16S rRNA metabarcoding

Libraries containing 16S rRNA were prepared with 20 ng of DNA for each sample using primer pairs flanking the V3 and V4 hypervariable regions of the 16S rRNA gene and Illumina sequencing adaptors and barcodes were added using limited cycle PCR. Amplicon sequencing was carried out using the Illumina MiSeq platform, and paired end reads of length 250 bp were generated.

Metabarcoding data analysis

Short overlapping forward and reverse reads coming from the same fragment were joined together with FLASh²⁶ to form sequences of the V3-V4 hypervariable 16S rRNA region. Afterwards, low quality regions were removed from the resulting fragments with SolexaQA++¹⁹. Microbiome analysis was carried out with the QIIME bioinformatics pipeline²⁷ using the Greengenes database²⁸ for taxonomy assignment. No further normalisation of the data was performed.

Data Records

Sequenced genomic data from both RNA-seq and 16S rRNA metabarcoding experiments are stored in the Sequence Read Archive as the study SRP117763¹⁶. Data resulting from the analyses presented here are located in the folder data of the Zenodo repository¹⁷. The data are separated into several subfolders:

The folder expr contains raw read counts in subfolder raw_counts, tpm-based expression profiles of all samples stored in file tpm.readyForClassifier.tsv and also file CMSclassifiedCRC.tpm.havana.tsv containing the CMS subtype classification. These files are the main outcomes of gene expression profile classifications.
Results of the metagenomics analysis of the non-human genomic content of RNA-seq are located in folder kraken together with two tables (Supplementary_table_K*.xlsx) containing lists of bacterial species used in this metagenomics analysis.
The folder 16S contains the biom file otu_table.biom resulting from the 16S rRNA metabarcoding analysis with QIIME and two partial abundance tables otu_table_sorted_*.txt.gz. The abundance tables are derived from the biom file and were used further for data visualisation in the primary publication as well as for the metagenomics method comparison.

Technical Validation

RNA-seq raw data quality

The quality of raw sequenced reads from RNA-seq experiments was assessed with FASTQC and was very good.

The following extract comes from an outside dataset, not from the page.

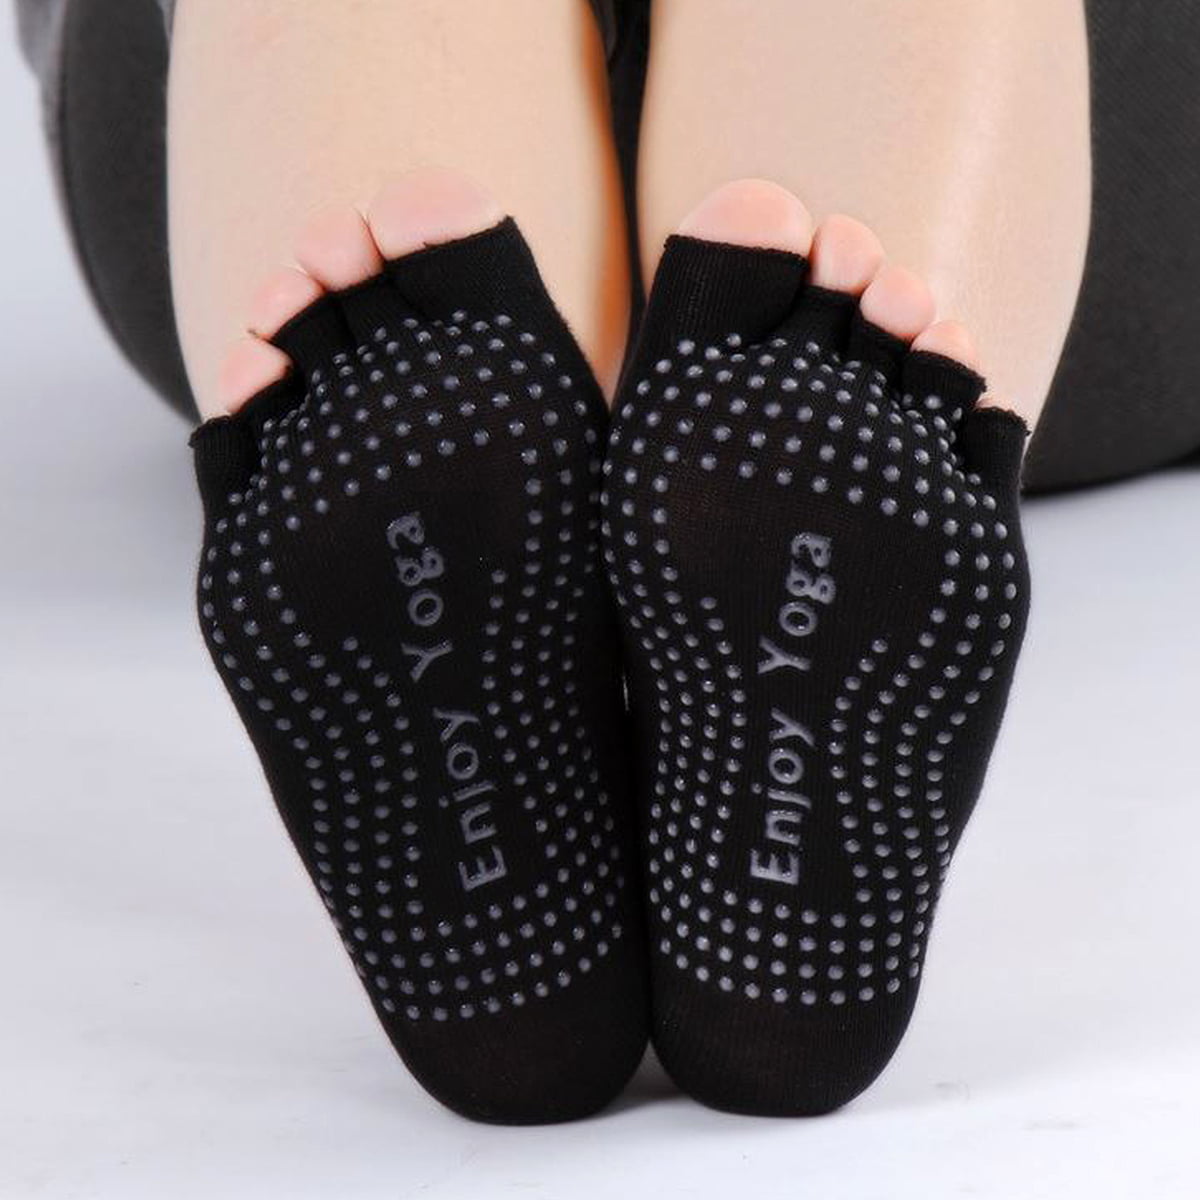 Women's Non-Slip Fitness Socks 500 - Grey DOMYOS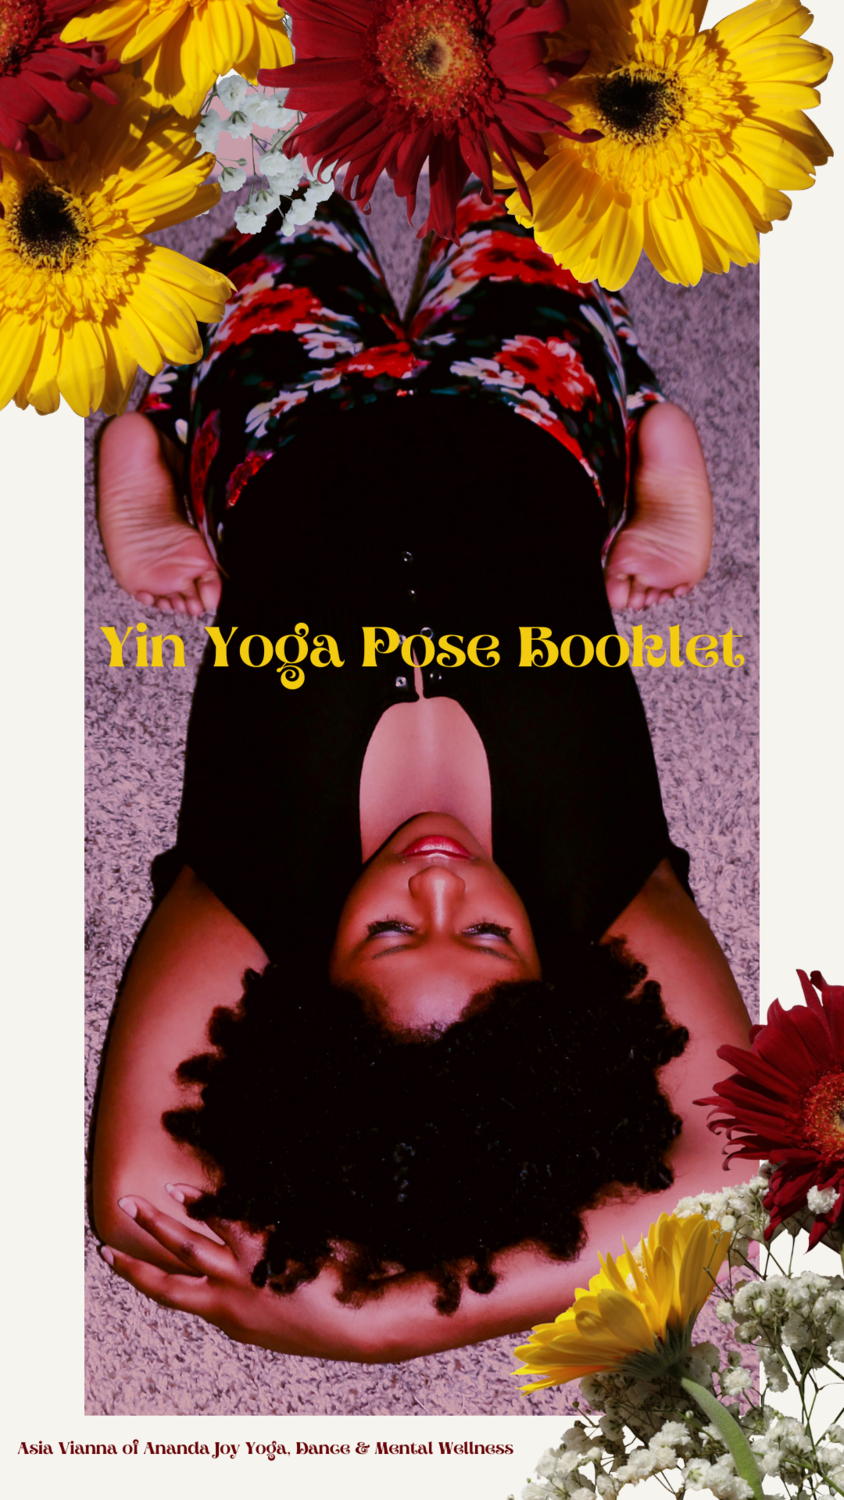 Yin Yang Pose Booklet

A pair of representative per base quality plots of corresponding forward and reverse read pairs for one sample is shown in Fig. 2a). Regardless of the raw data quality, all the samples underwent routine data cleaning to ensure that no base was called with a Phred quality below 20. In Table 2, we show number of reads passing various data processing stages together with relative proportion of the reads passing two different stages.

Fig. 2 — Per base quality of raw sequencing data, sample CRC_16. Output of FASTQC: (a) RNA sequencing, (b) 16S rRNA amplicon sequencing.

Table 2.

RNAseq, read counts and their ratios in various data processing stages for each sample. N/A in the CRC_14 sample stands for data not available.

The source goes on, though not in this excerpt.